Blog | Permanezcan borrachos

Un final redondo

Mi terraza es más grande que muchos de los apartamentos en los que viví a lo largo de mi vida. Cuando el tiempo es bueno trabajo en ella, bajo las enredaderas, en una hamaca. En cierto sentido, es un mundo, o al menos un fin del mundo.

Edificio, ropa colgada. EP

CASI TODAS las semanas cae desde los tendales vecinos alguna prenda de ropa, sin hacer ruido. Y entonces es como si se escuchasen las palabras "se acabó". Unos días es un accidente y otros un asesinato perfecto, porque sus dueños nunca bajan a reclamarlas y al cabo de una semana, harto de esperar, yo me deshago de ellas como si fuesen basura, en vez de pedazos de biografía. Supongo que soy, para los verdaderos asesinos, una clase de colaborador necesario ideal, y bastante idiota.

Unas pocas veces no hay crimen ni terrible accidente, sino solo suicidio. No me cuesta imaginar a un calcetín hastiado, roído quizá en el talón por el uso, decidiendo acabar con su vida útil contra el suelo de mi terraza, después de gritar que no aguanta más unos pies o unas botas. El abatimiento al que conduce una existencia de antipáticas repeticiones vuelve la caída al vacío particularmente atractiva. A mí solo me da pena, cuando el muerto es una media o calcetín, pensar en su compañero, que no tuvo la oportunidad de seguirlo en su caída. O simplemente no se atrevió.

Muchos días caen también colillas. La terraza da a la parte de atrás de un hotel, desde cuyos balcones los huéspedes fuman y lanzan sus cigarros, en ocasiones encendidos. Me entristece que de mes en mes no se arroje al vacío también un huésped, cosa que sería muy lógica, como si fuese un simple calcetín desgastado al que se le hizo insoportable cierto pie. Pero no hablemos de cosas bonitas.

Entre la ropa recién lavada había una camiseta de Curro, la mascota de la Expo 92

No hace más que unos días, mientras veía ¿A quién te llevarías a una isla desierta?, de Jota Linares, presencié una escena que me reconcilió con la ropa que se desprende de los tendales, y empieza desde cero. Una vecina subía a tender la colada a la azotea del edificio. Era un día de mucho calor, algo ventoso, que obligaba a cubrir los mecheros con una mano para encender los cigarros. Entre la ropa recién lavada había una camiseta de Curro, la mascota de la Expo 92. El vecino del noveno B, que fumaba un canuto en la otra punta de la azotea para no pensar demasiado en sus problemas personales, reconocía la prenda a lo lejos. "Oye, esa camiseta es mía", le hacía notar. La chica lo miró extrañada. "La encontré tirada en el patio hace años. Vivo en el bajo C. Estuve preguntando a los vecinos, pero nadie sabía nada. Me dio pena tirarla", le explicaba, y al final se la devolvía a cambio de unas caladas del porro.
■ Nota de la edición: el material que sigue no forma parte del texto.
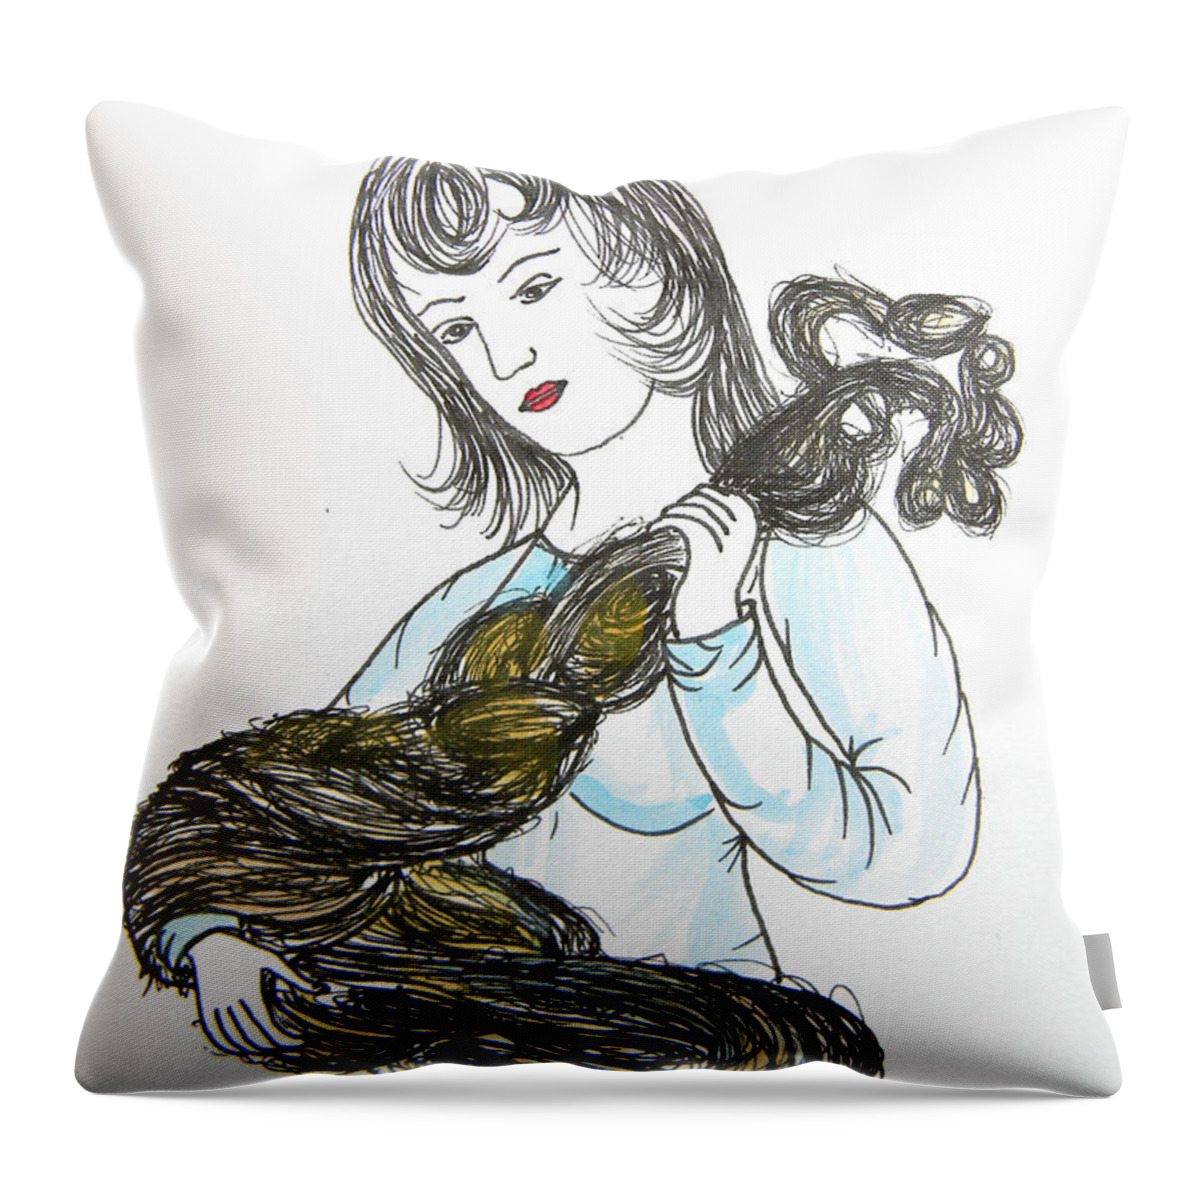 Maiden Wiser Than The Tsar Throw Pillow featuring the drawing Girl and Tow by Marwan George Khoury

Al principio, cuando me mudé a mi actual piso, hace ya cuatro años, recogía las prendas que caían en la terraza con agrado, como esa gente deseosa de hacer el bien constantemente, sin tomarse nunca un descanso para hacer entremedias una pequeña putada, aunque sea. Las sacudía, las doblaba y después iba por los pisos superiores preguntando al vecindario si aquellos calzoncillos, bragas, camisetas o sujetadores le pertenecían. Durante una época me sirvió para hacer migas con desconocidos, que se fueron acostumbrando a no bajar nunca a por la ropa caída. No tardé en cansarme de subir yo. Un día cayó una toalla. Olía tan bien y era tan suave que la recogí, me di una ducha rápida y me sequé con ella. Cuando transcurrió una semana, y nadie la reclamó, la tiré con enorme tristeza. Todavía recuerdo su delicadeza. En cierto sentido, la maté por matarla, como si así me vengase de sus dueños por no intentar recuperarla.

Pero no soy un asesino en serie. Hay prendas que pasa el tiempo y aún conservo. Me incomoda el desafecto que se instala a menudo entre los dueños y sus cosas. Son un calcetín de bebé, unos calzoncillos feísimos, unas medias negras, unas bragas que merecen una línea en una novela, una camiseta que pone Dios ha muerto, alegría, y cosas por el estilo. Simplemente las guardo para contar que las guardo, y también para imaginar que el día menos pensado su historia desembocará en un final redondo, que ya nadie esperaba.